As soon as they start attacking the 3-R's of education, we have gone from WASF to FUBAR! The end happened, we just failed to notice.
wetcasements says:
I guess the overall story is a good one — pompous blowhard businessman realizes he isn't half as smart or clever as he thinks he is.
But the context and details all rub me the wrong way. First, he immediately starts bitching that schools need to teach "real" stuff — like, um, how to shine your shoes and clean up your office Mr. Businessman? How to operate a drill press in one of your factories?
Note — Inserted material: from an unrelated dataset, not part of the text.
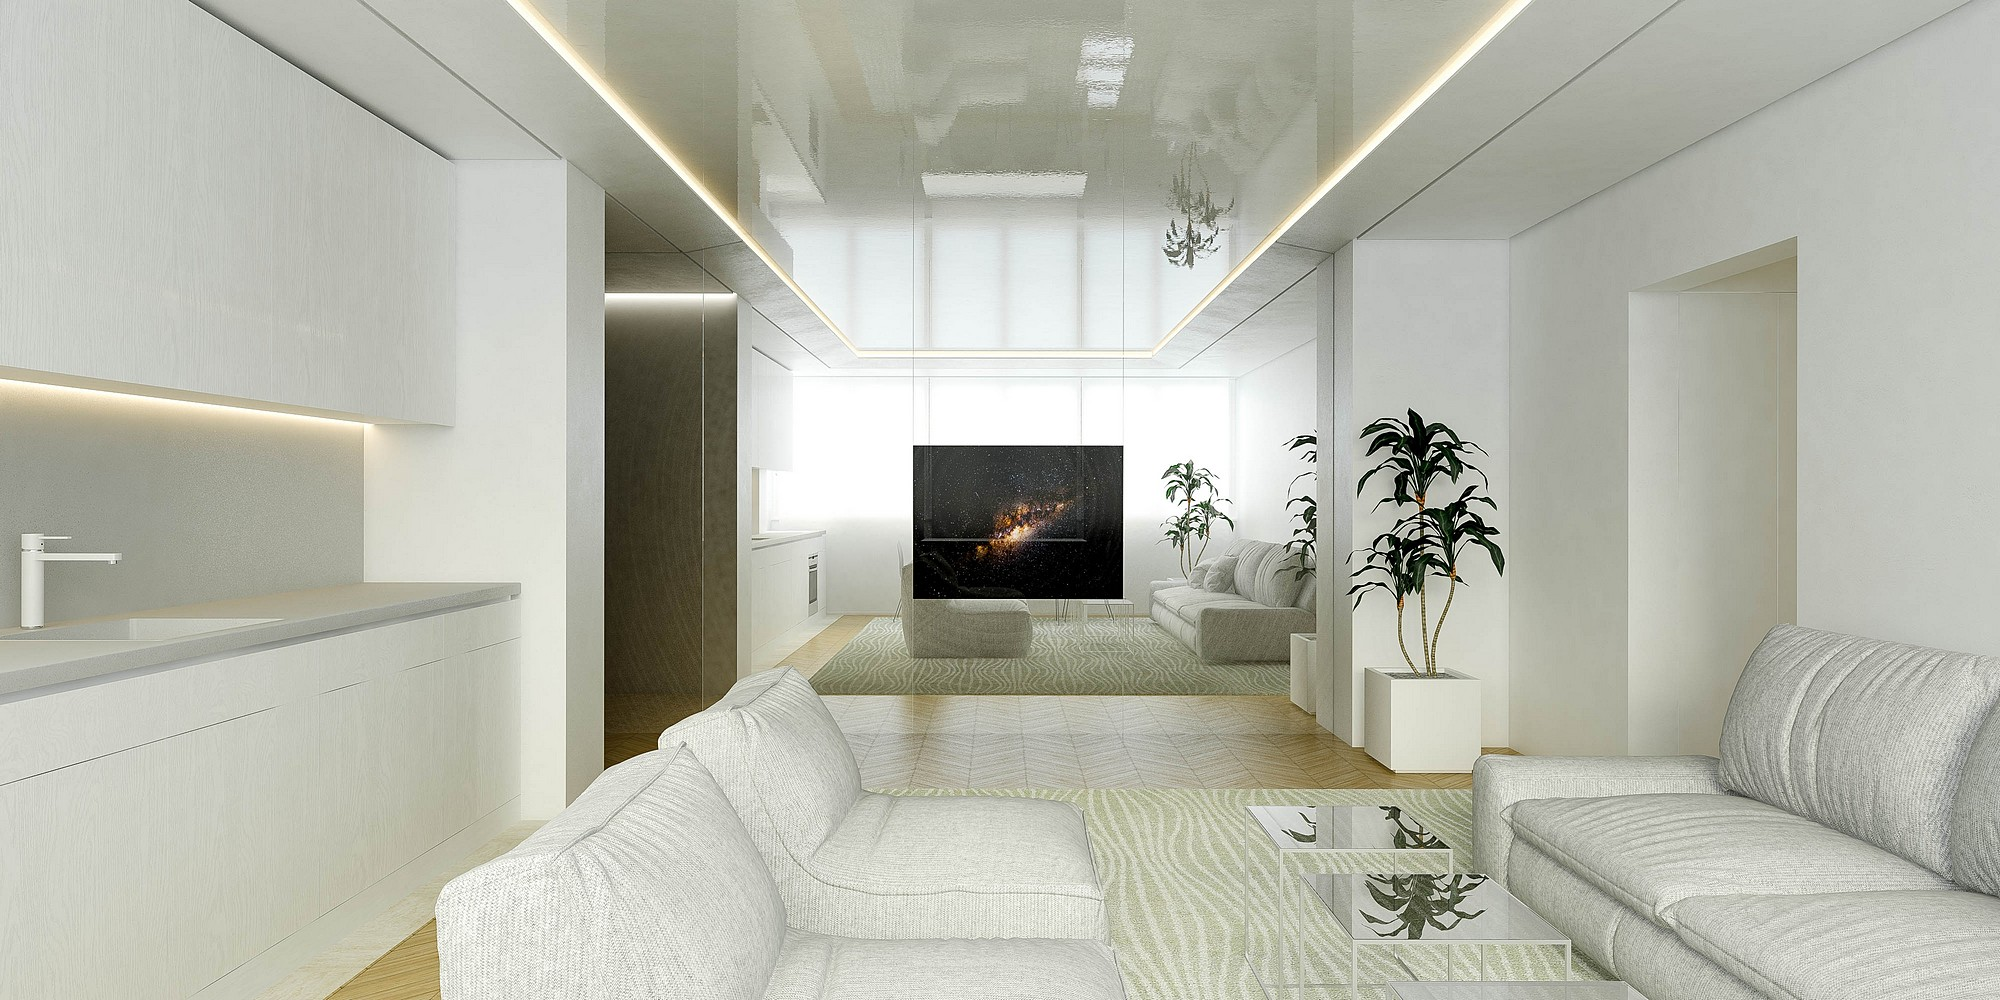 Enterijer-stan-Andreu-Beograd-Studio-Alfirevic-arhitektura-arhitekta-01

How to ask if you want fries with the shake?
We used to have a lot of that in America, and it was called vocational education or "shop." And we got rid of much of it because it was patently unfair to poor kids (i.e., black and hispanic kids).
As Jefferson wrote, education is the great equalizer in a democracy. Rich kids will always be rich, but poor kids who assert themselves have a shot at class mobility through educational achievement. It won't always work, but it's at least a mechanism that ensures we don't have those nasty things we fought a goddamn war on independence over — dynasties, royalty, entrenched monarchy, etc.
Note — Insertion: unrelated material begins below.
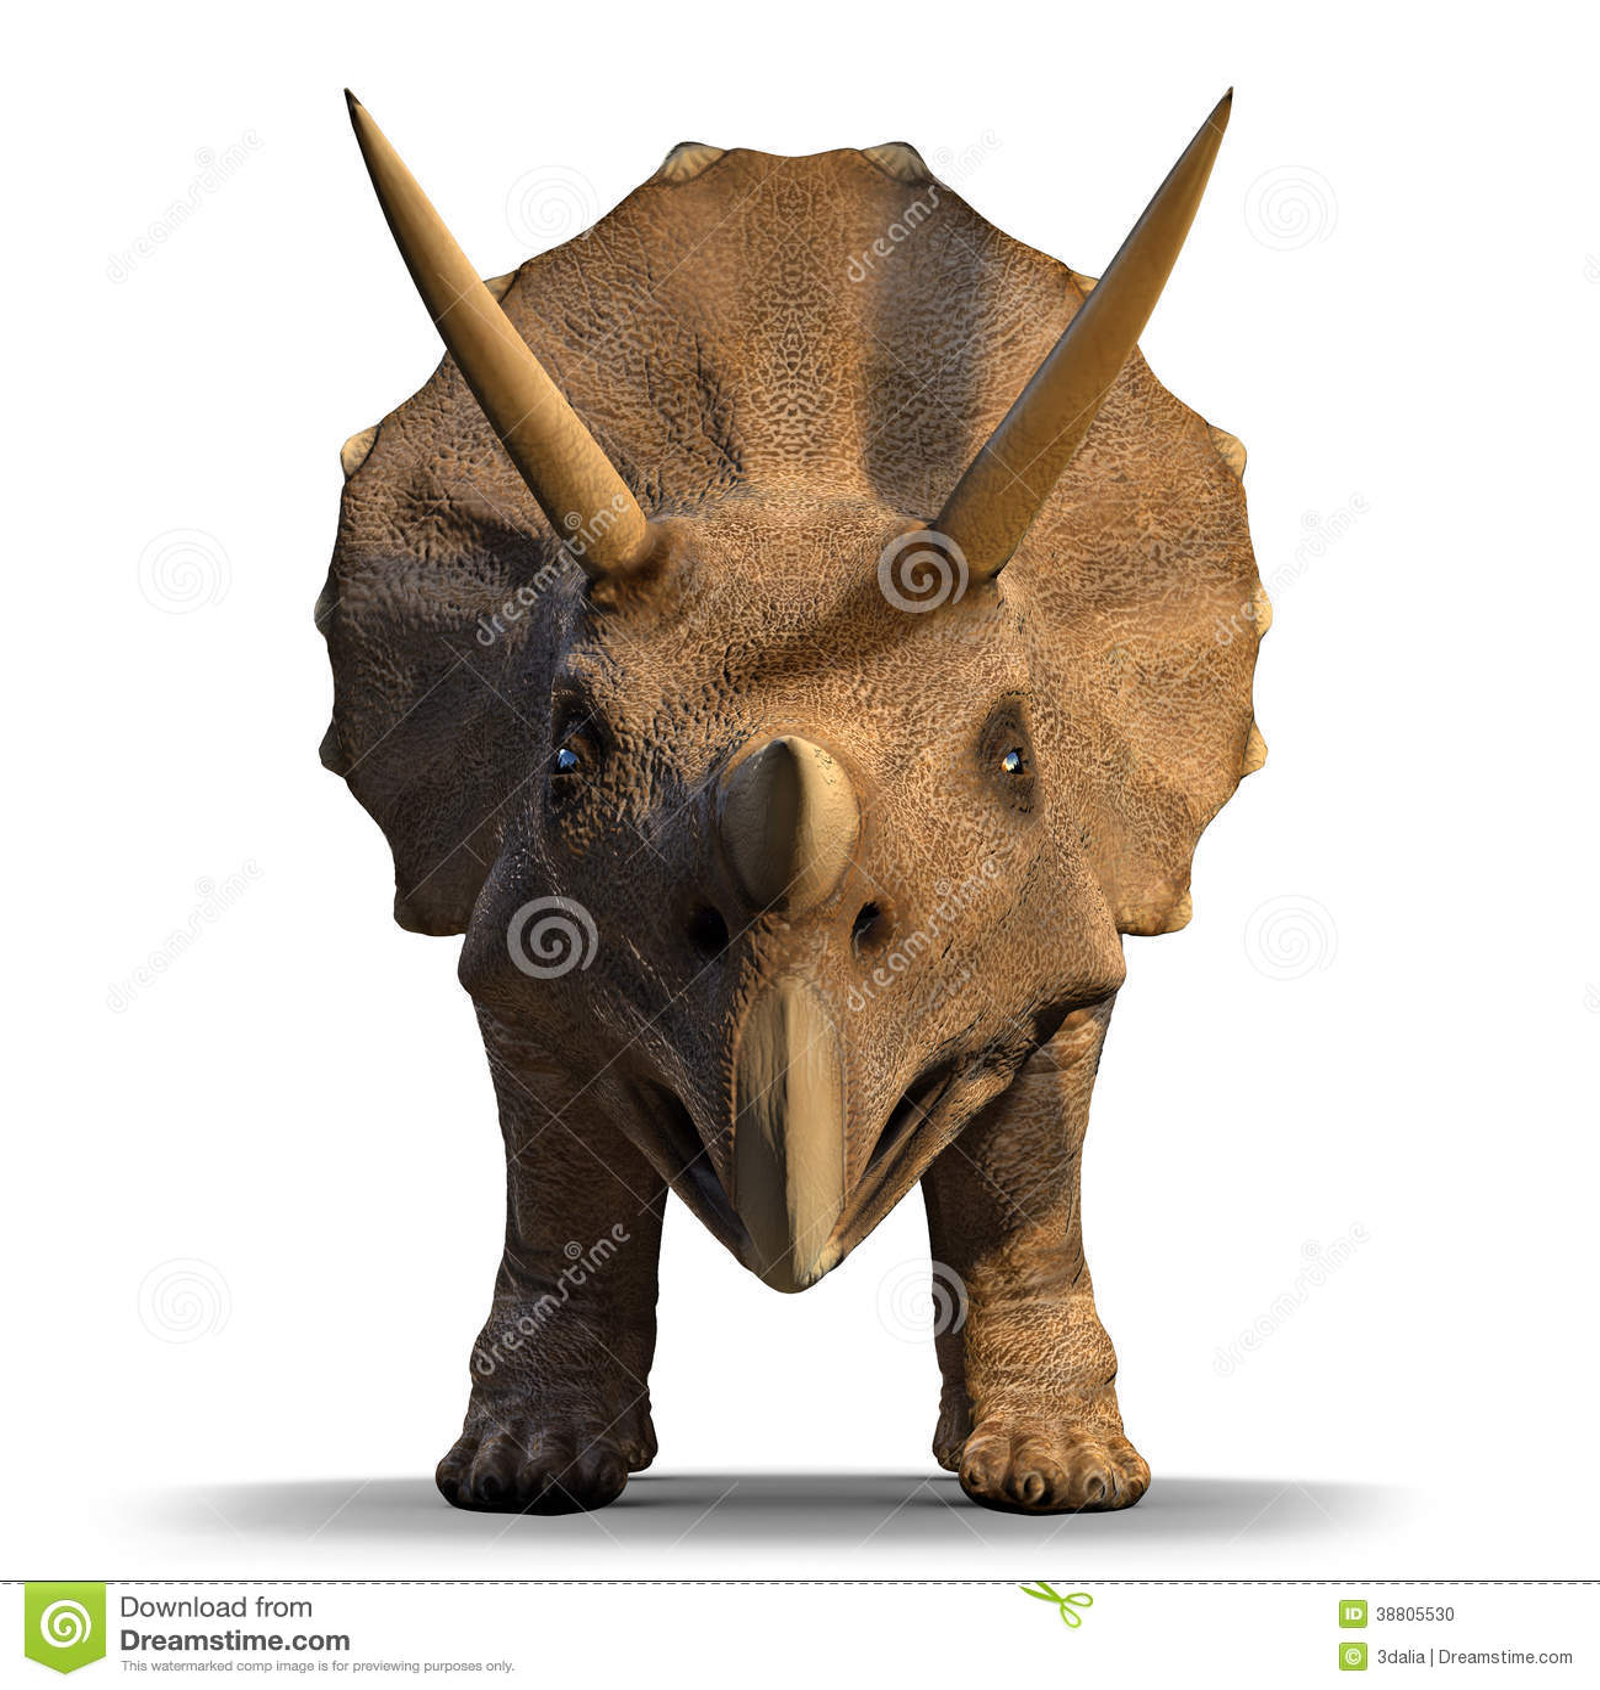 Raptor skull and brain drawing : pics |Velociraptor Skull Front

So yeah, good story, and of course the WaPo bends over backwards to draw the wrong conclusions from it.
Middle Seaman says:
You wont make me read that piece of dreck known as WaPo. I am surprised at your disappointment with board members and other people colliding with the education system. We are talking about a population that 50% of which vote for the 1% rich party and the other 50% vote for a party that doesn't exist and its leader is mean and stupid.
We call it life and it happens everywhere. Oh, grow up!
c u n d gulag says:
Well, no wonder he failed – he thought sine and cosine meant you needed two signatures on that form outsourcing his companies jobs to China.
WyldPirate says:
I don't think that there is any particular "sin" in the businessman "failing" or doing poorly on the math.
Math is a mental skill that takes use and practice –not unlike many skills that require physical attributes– to perform well. If skills are not employed on a regular basis, you're going to get less proficient in using them. Like many sports, some folks tap out their mental abilities early when it comes to math and others enjoy it and can excel but risk losing their expertise when they no longer use it. Not unlike football where some reach the peak of their skills in PeeWee football and others are NFL caliber. It's not an excuse–merely a fact.
Now of course people (students and adults) need to have a basic level of achievement to perform certain tasks. There are certain skills that are needed to function in society and fairly basic math should be one of them. Does everyone need to know calculus to function and be successful in society, though? Not really. Even if they learn it and become relatively proficient, they will lose the ability to use it over time if it is not used and have to re-learn it.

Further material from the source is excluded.